Altar Eagle: Nightrunners + Remixes tape (Crash Symbols, 2013)

March 2, 2013 at 11:08 pm | Posted in Reviews | Leave a comment

Altar Eagle: Nightrunners

Altar Eagle: Nightrunners

Nightrunners is an album that I feel like I shouldn’t have to review; it’s easily one of my favorite albums of last year, by far, and I feel like everyone should’ve heard it by now and praised it as one of the best albums of the year. Plus, you know, I wrote for their website so I’m biased anyway. But I’m guessing most people haven’t heard Nightrunners yet, in which case you can just head on over to Bandcamp right now and hear what you’ve been missing. Musically, it’s just really incredible synth/dream-pop, the arrangements and vocals are a definite improvement over their first album, the songs are catchy and touching, and it alternately reminds me of older Morr Music stuff, mid-’90s µ-Ziq (the synth sounds anyway), and Land Of The Loops. I fucking love Land Of The Loops.

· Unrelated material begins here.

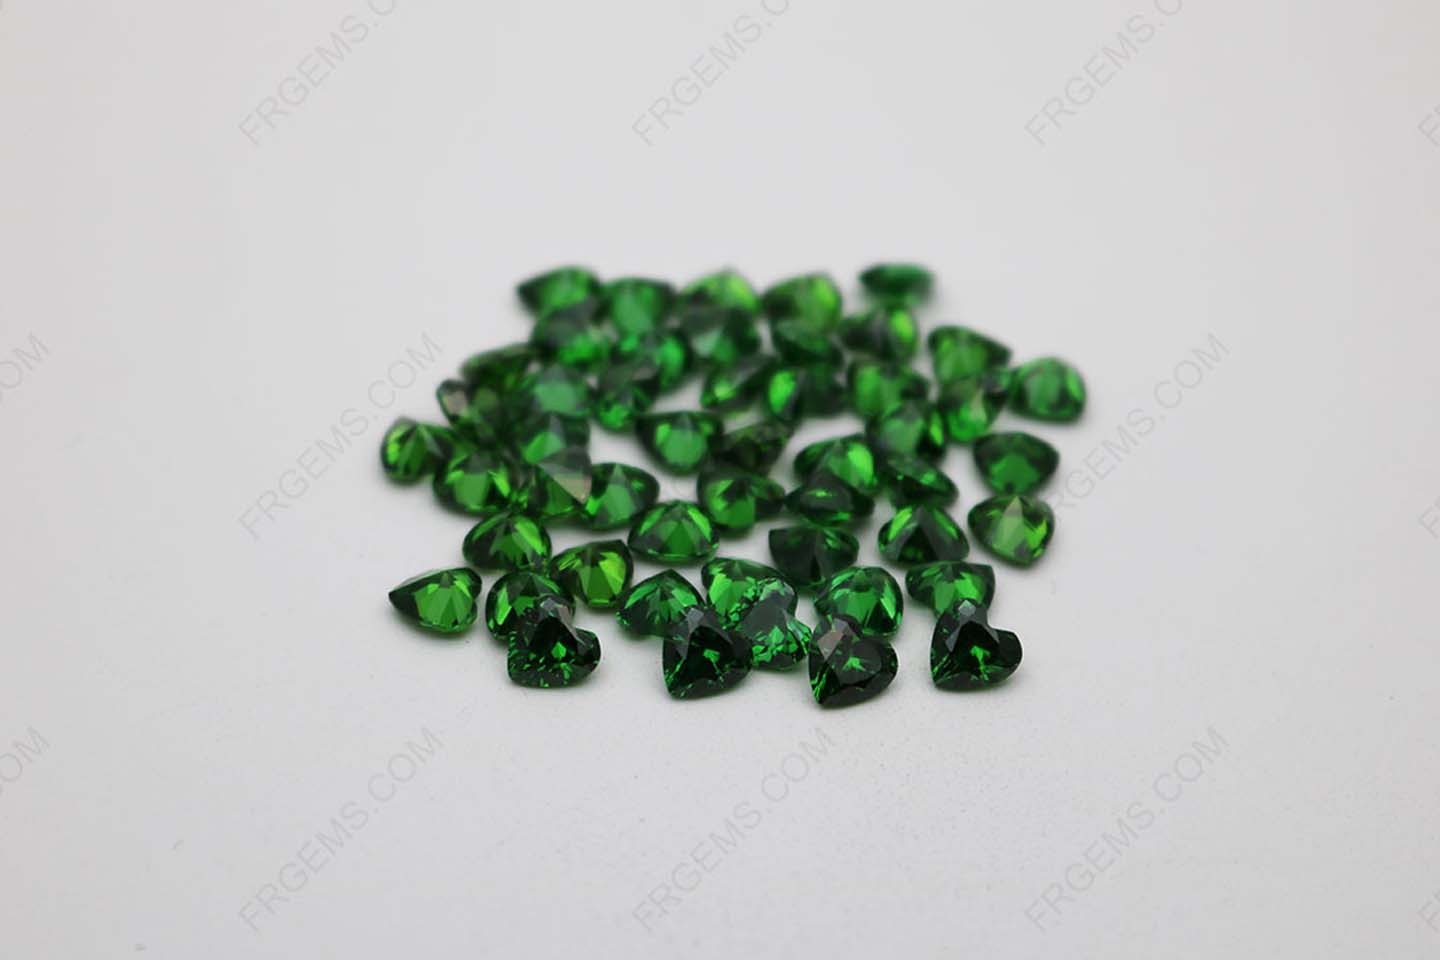 Cubic Zirconia Green Heart Shape Faceted Cut 6x6mm stones CZ35 IMG_1326
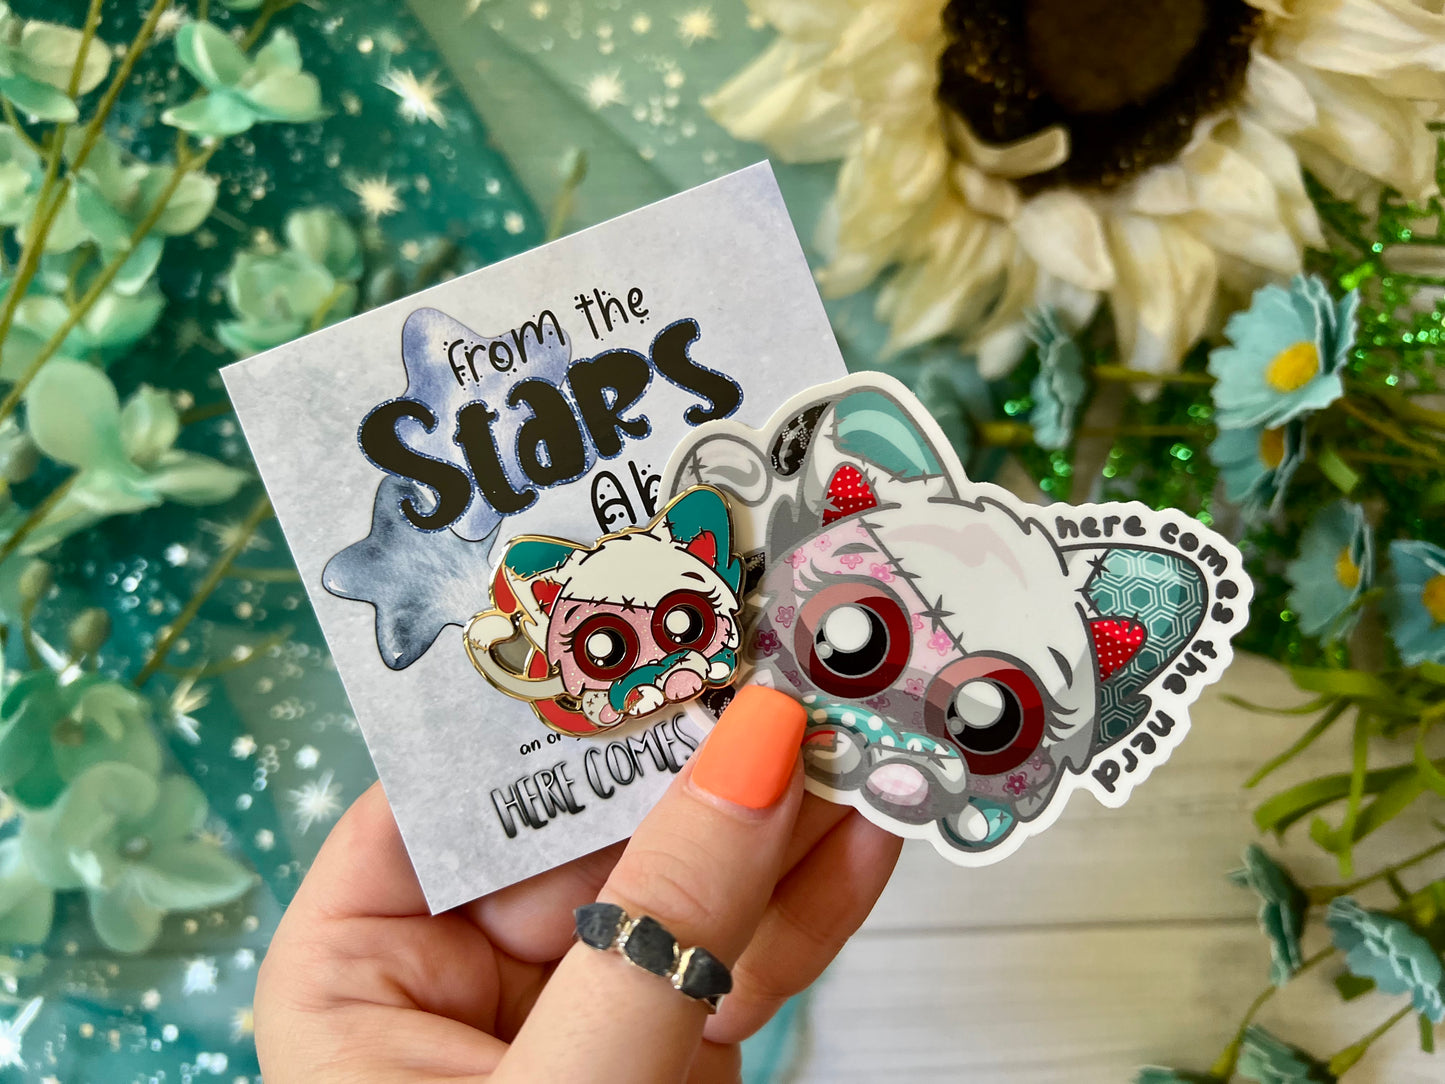 Mezzy, From the Stars Above* - Vinyl Sticker (FREEEEE Shipping!)

I’m guessing the vinyl is no longer available, but Crash Symbols released it on tape with a track-by-track remix album on the second side (this is very nearly sold out as of this blog post). This is also available on Bandcamp (for free, even) so even if the tape’s sold out you can still hear it. The remixes tend to go for a deconstructive approach, looping and chopping up sections of vocals, rarely just taking them as is and merely applying their original song structures to new beats. Interpretations range from Seekers International’s wild dub take on “Digital Gold Futures”, to No UFOs’ dub-techno version of “Parallel Lives”, to a sensuous downtempo mix by Discoverer of “No Spring Till Summer”. “Fledgling” is my favorite song on the original album, and Ghibli’s remix doesn’t even try to capture what makes the original so special; instead, it isolates a heavily distorted vocal snippet, and loops an ecstatic melody over a loud clapping beat, and it’s over in a couple of minutes. Ricardo Donoso does a big dramatic cinematic edit of “New Designs”, focusing on the “we’re all lost but we don’t care” chorus and truly placing it in an appropriate new context.